Em 2015 já tinha visitado Marvão e Castelo de Vide, as duas vilas mais conhecidas na Serra de São Mamede. Cinco anos depois, decidi regressar para explorar outras zonas da região, mais remotas e em contacto mais direto com a natureza. Descobri povoações raianas onde a tradição sobrevive nos dias de hoje e uma natureza quase intacta, protegida nas encostas da serra.
Pedalar pelos caminhos do comboio
Já tinha elogiado o Train Spot em 2015 e sabia que um dia iria regressar. Voltar a este alojamento é também recordar a história dos caminhos de ferro em Portugal.
A desativada estação de Marvão-Beirã foi, em tempos, uma importante paragem na ferrovia portuguesa. Parte integrante do ramal de Cáceres, foi inaugurada em 1880 e obteve grandes obras de extensão em 1926. Estávamos no início da Ditadura Militar e a estação tinha sido alargada para incluir uma delegação aduaneira de controlo do trânsito de pessoas e mercadorias. Na altura, foram também construídos edifícios para o alojamento dos trabalhadores, e um anexo com restaurante e pensão, para que os viajantes pudessem aguardar pela aprovação aduaneira para atravessar a fronteira.

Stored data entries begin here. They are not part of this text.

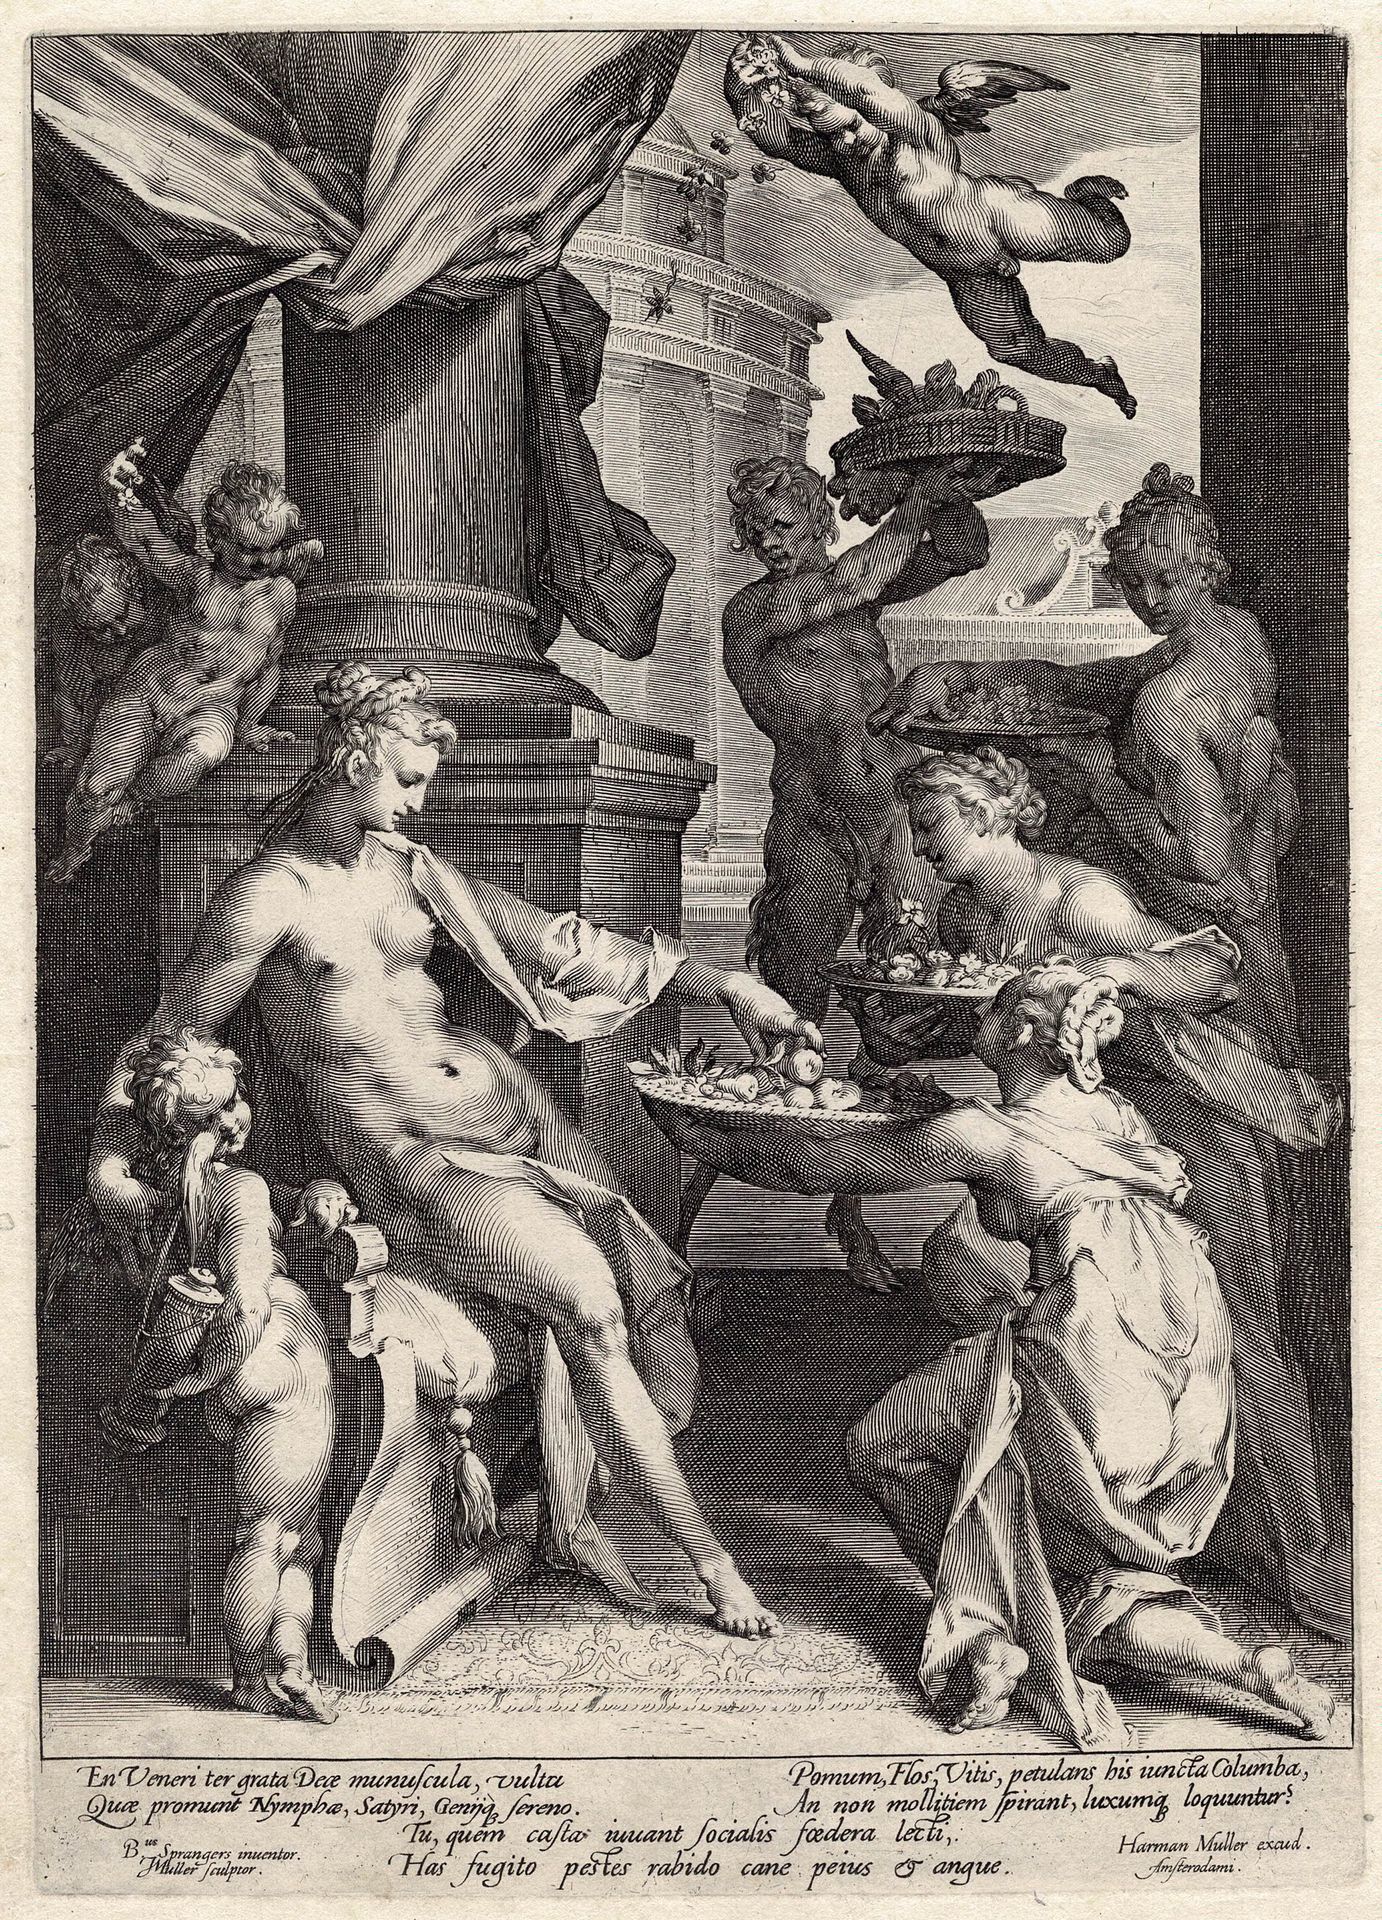 Jan Harmensz Muller (1571-1628), Bartholomeaus Spranger (1546-1611), Harmen Jans&hellip;
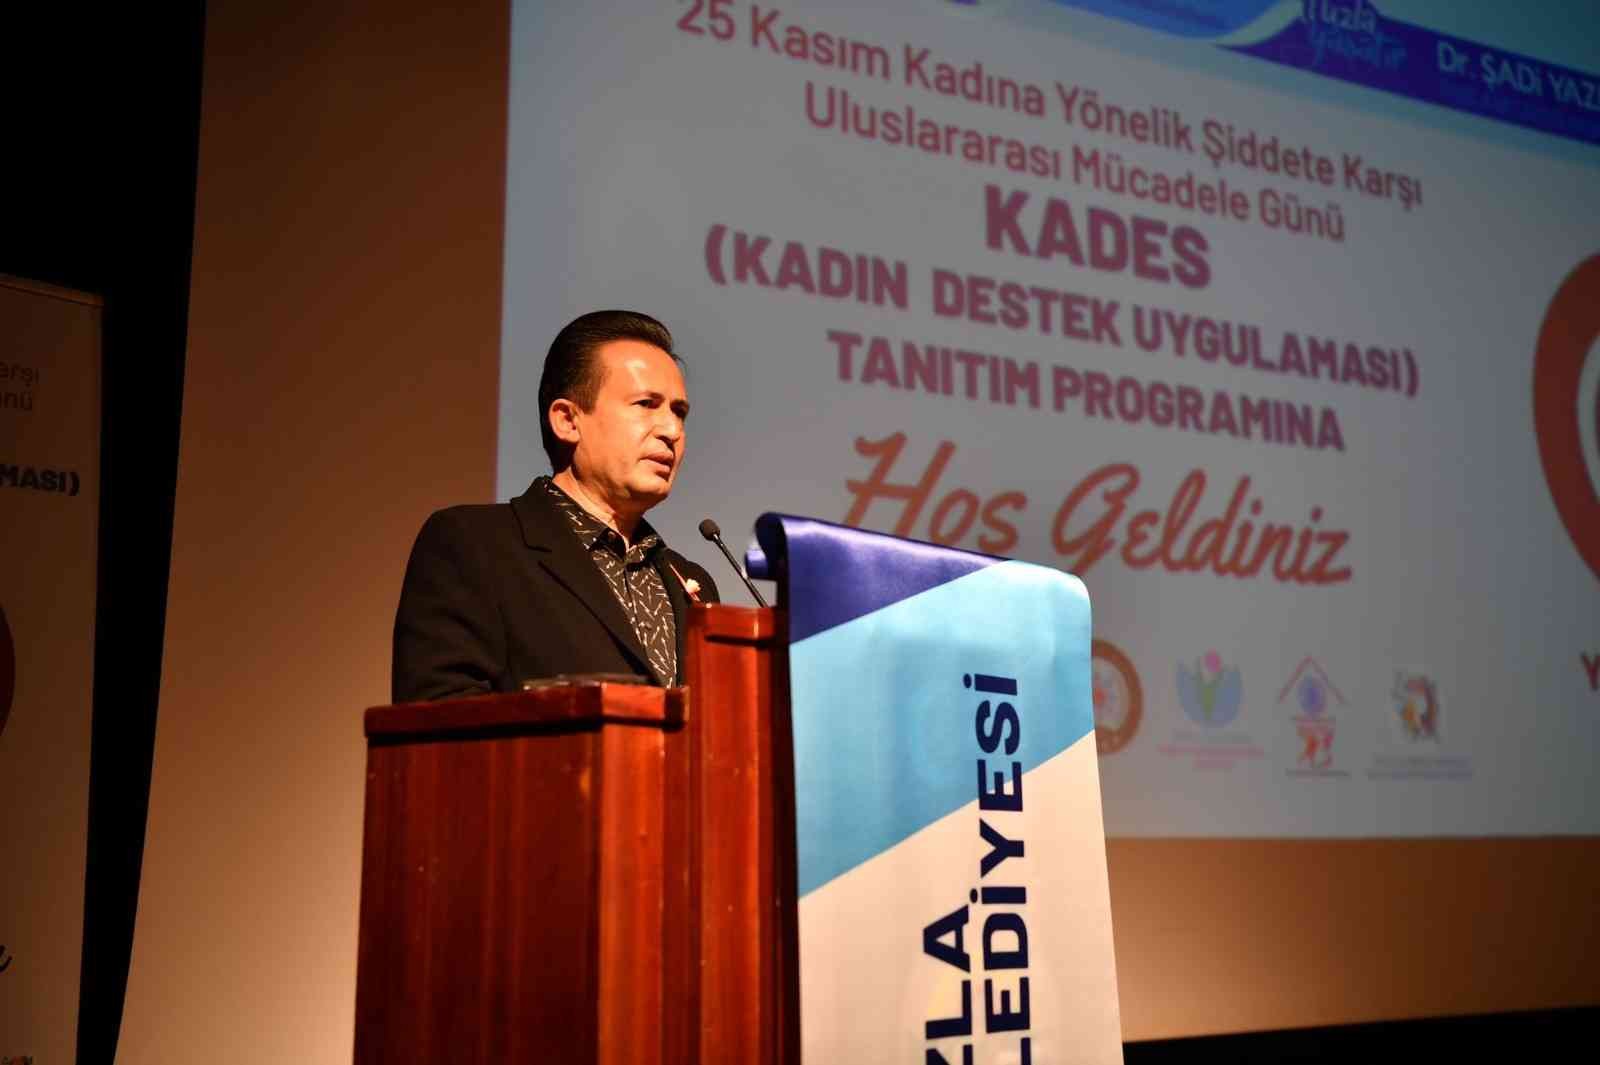 Tuzla’da KADES Uygulaması tanıtım seminerleri düzenlendi #istanbul
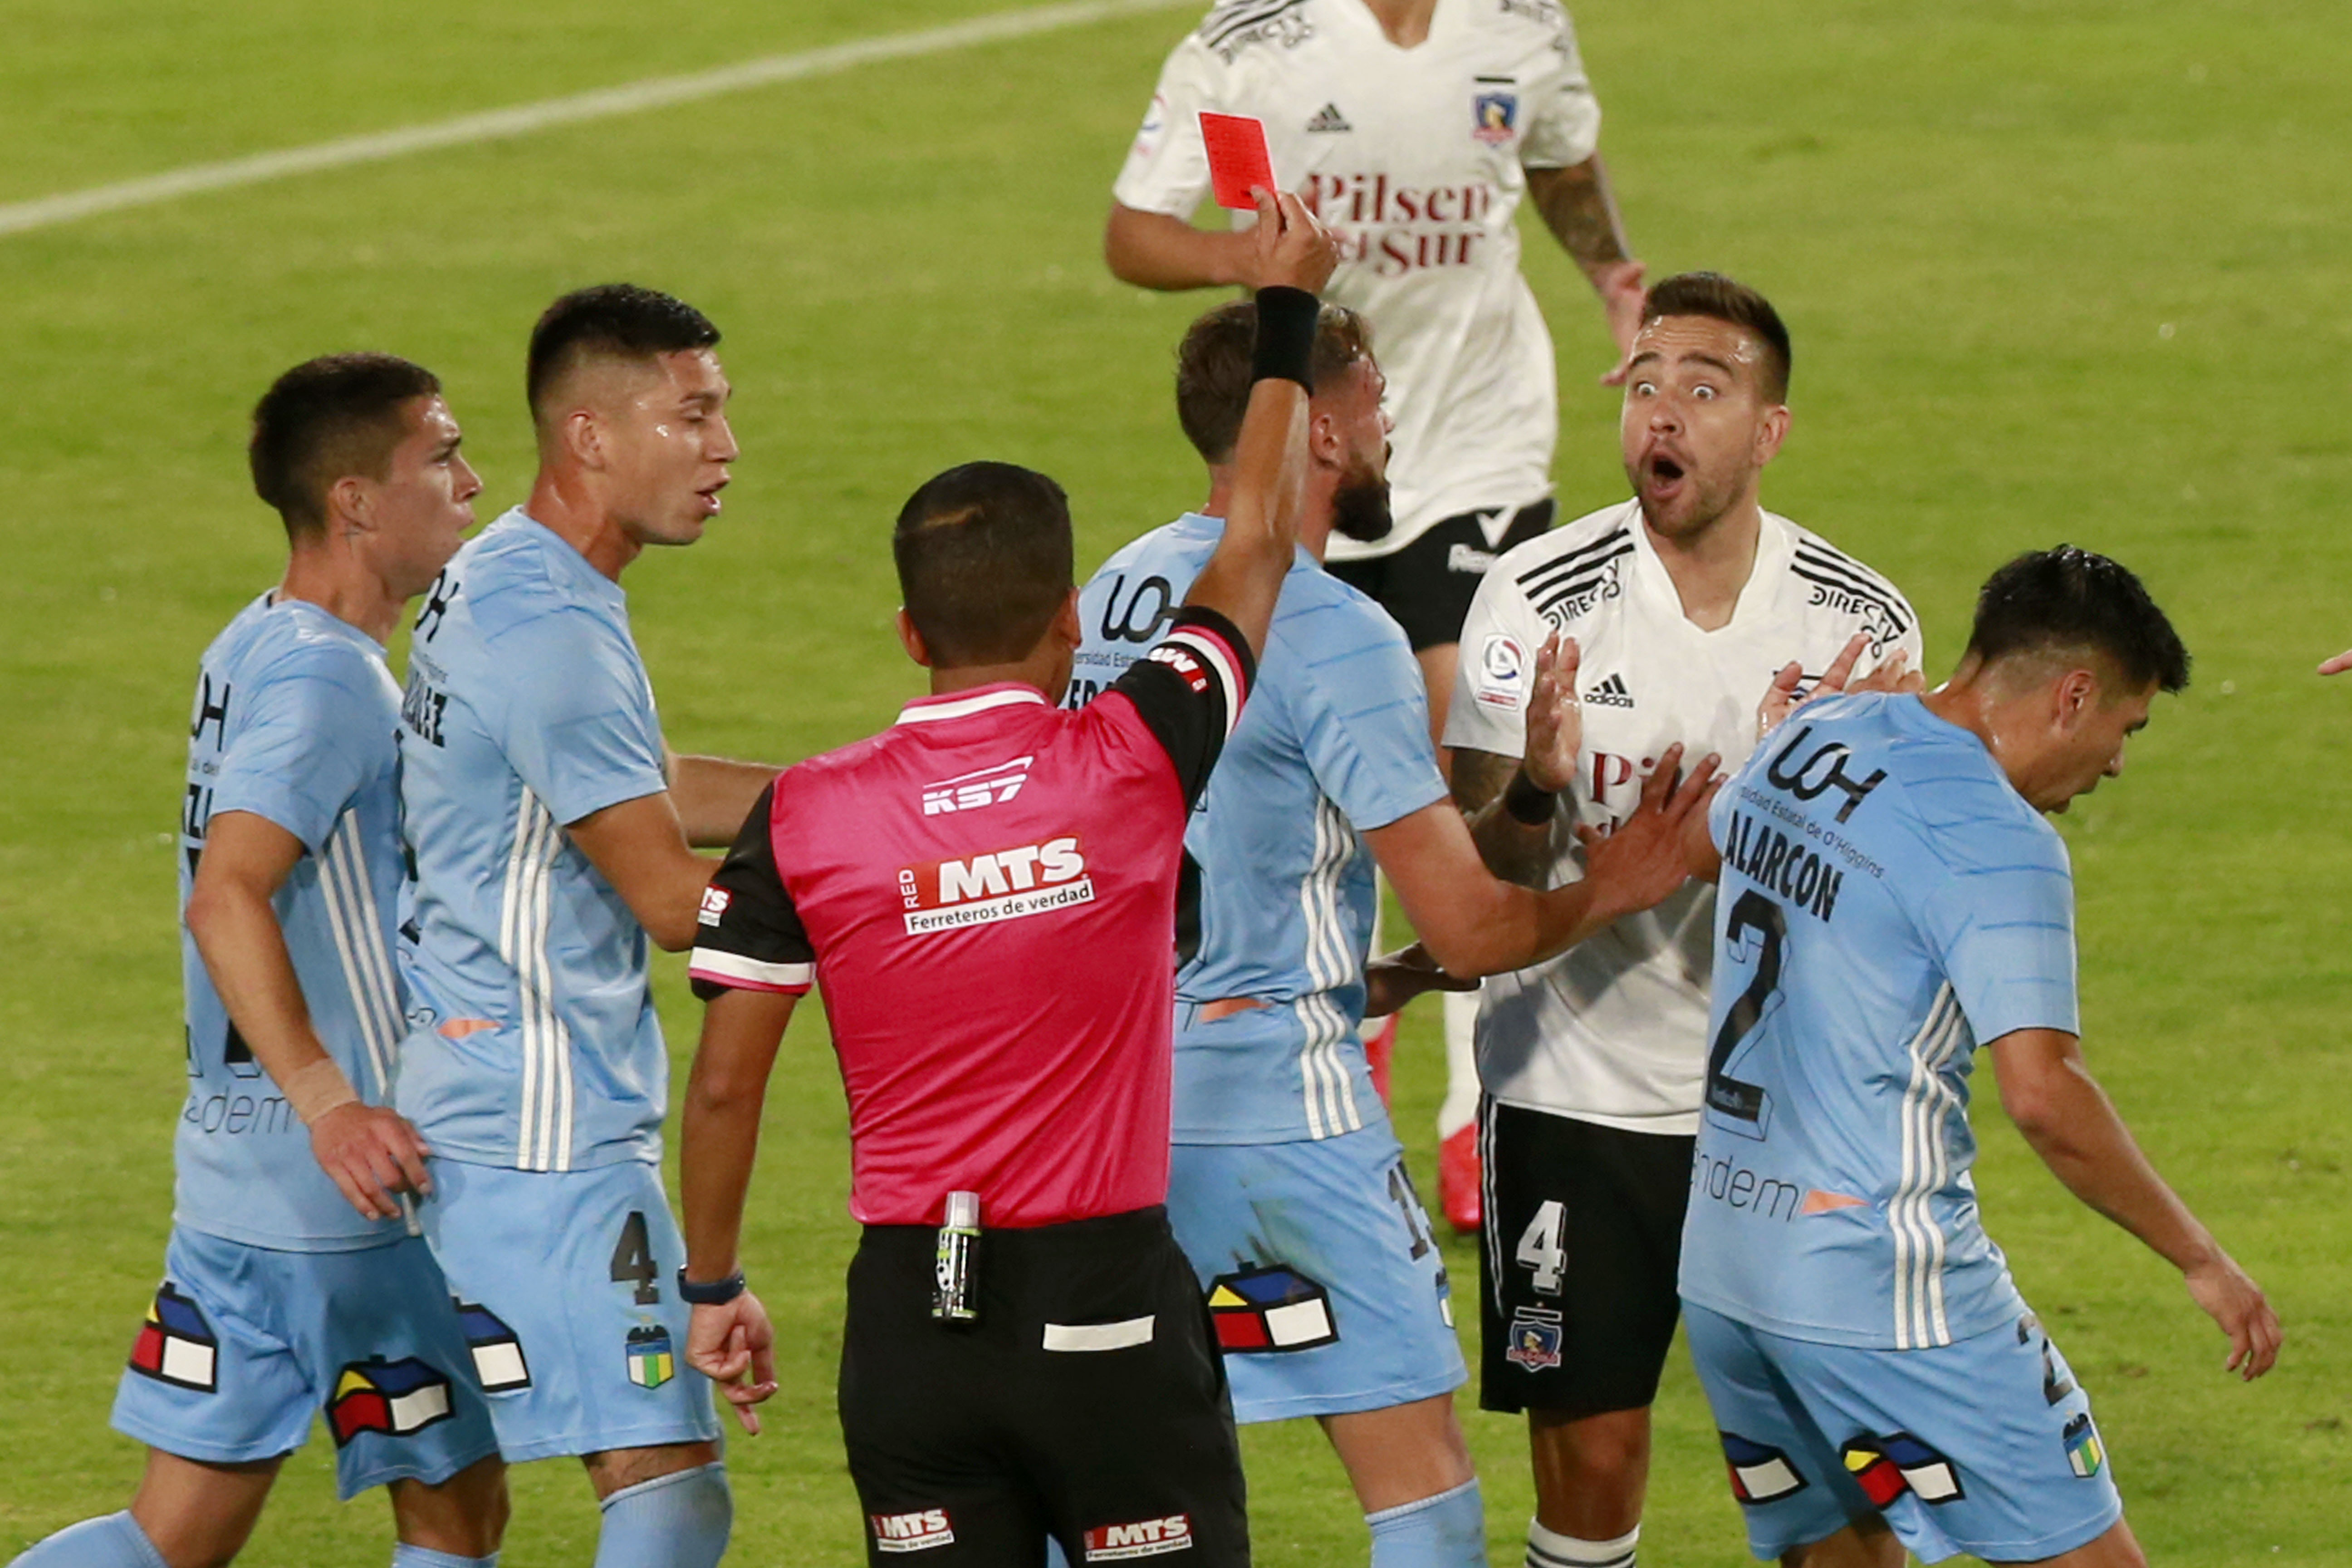 Matías Zaldivia recibió tarjeta roja y dejó a Colo Colo sin titulares en defensa. | Foto: Agencia Uno
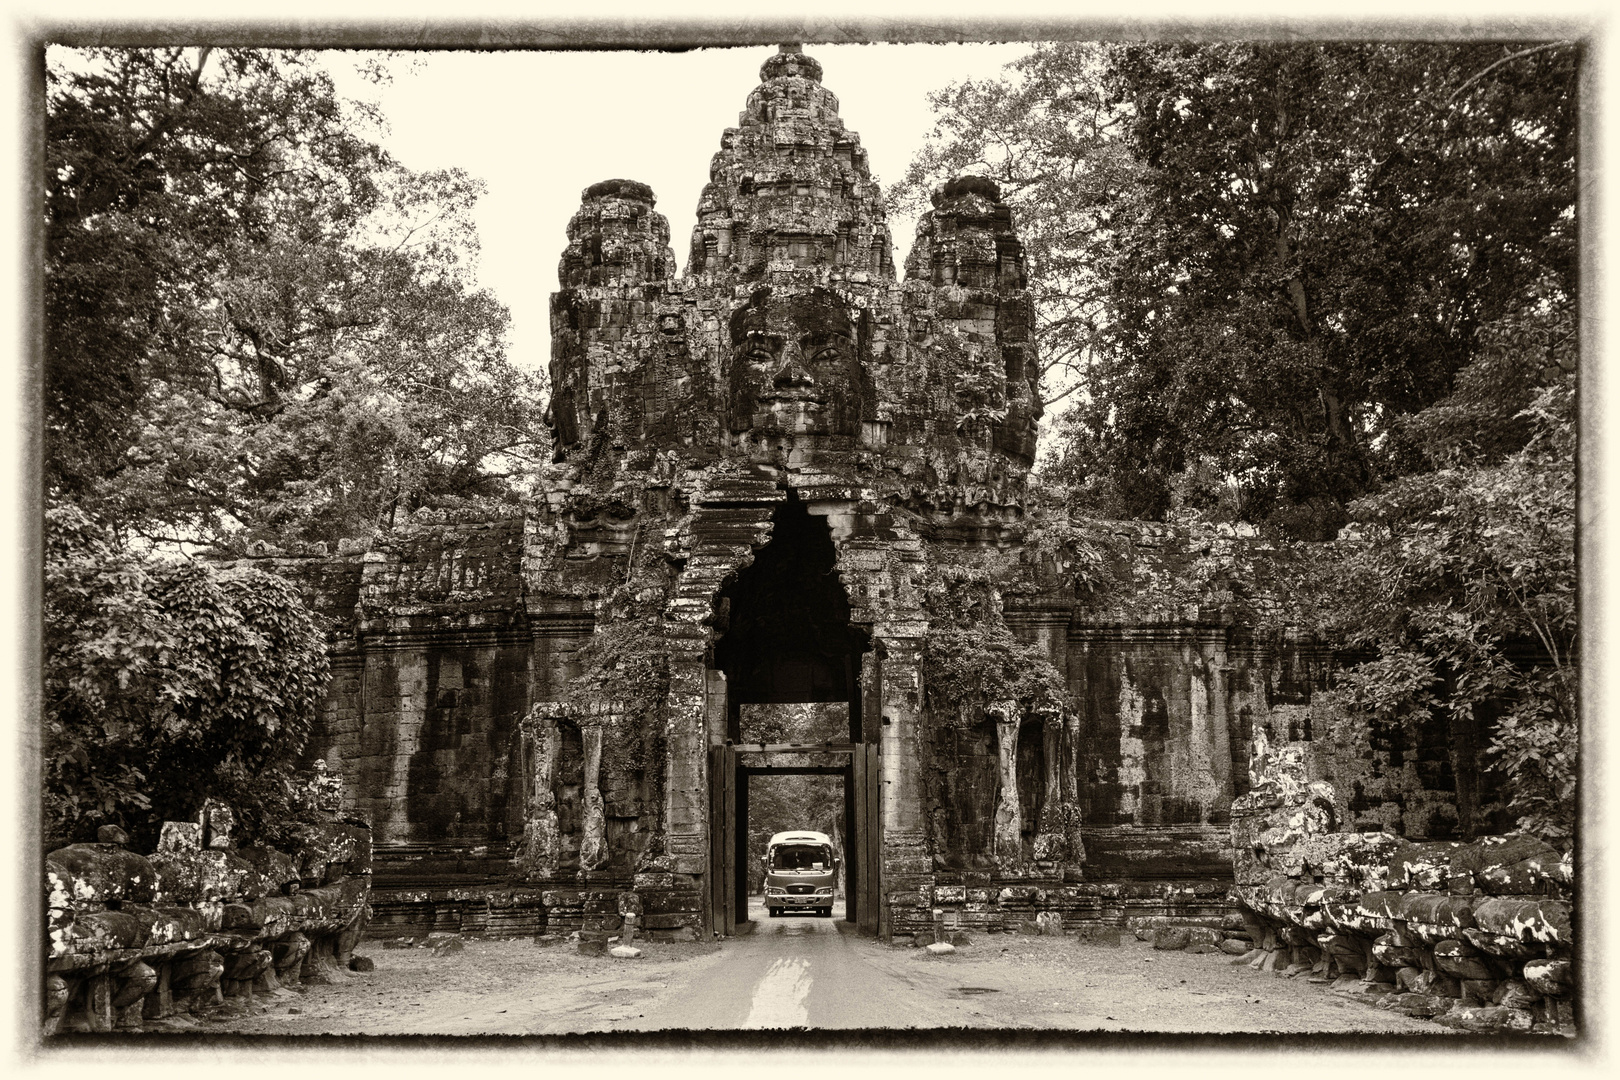 Streets of Angkor

E assim, graças ao controlo fronteiriço, a Beirã floresceu durante as décadas da Ditadura Militar e do Estado Novo. Com a queda do regime e a adesão à União Europeia (e ao espaço Schengen, ao qual Portugal aderiu em 1991), a estação de Marvão-Beirã foi, pouco a pouco, perdendo a sua importância. Os comboios regionais do ramal de Cáceres foram suprimidos em 2011, e, no ano seguinte, o Lusitânia Comboio Hotel deixou também de passar por esta linha, encerrando-se, então, definitivamente o ramal de Cáceres.
Hoje, o edifício transformado num alojamento preserva a aura dos tempos passados. Na fachada exterior da estação ainda podemos ver os 13 painéis de azulejo, em azul e branco, que retratam diferentes locais nacionais e davam as boas-vindas a quem chegava a Portugal: o Castelo de Marvão, o Templo de Diana (Évora), o Mosteiro de Alcobaça e a Sé de Braga são alguns dos exemplos.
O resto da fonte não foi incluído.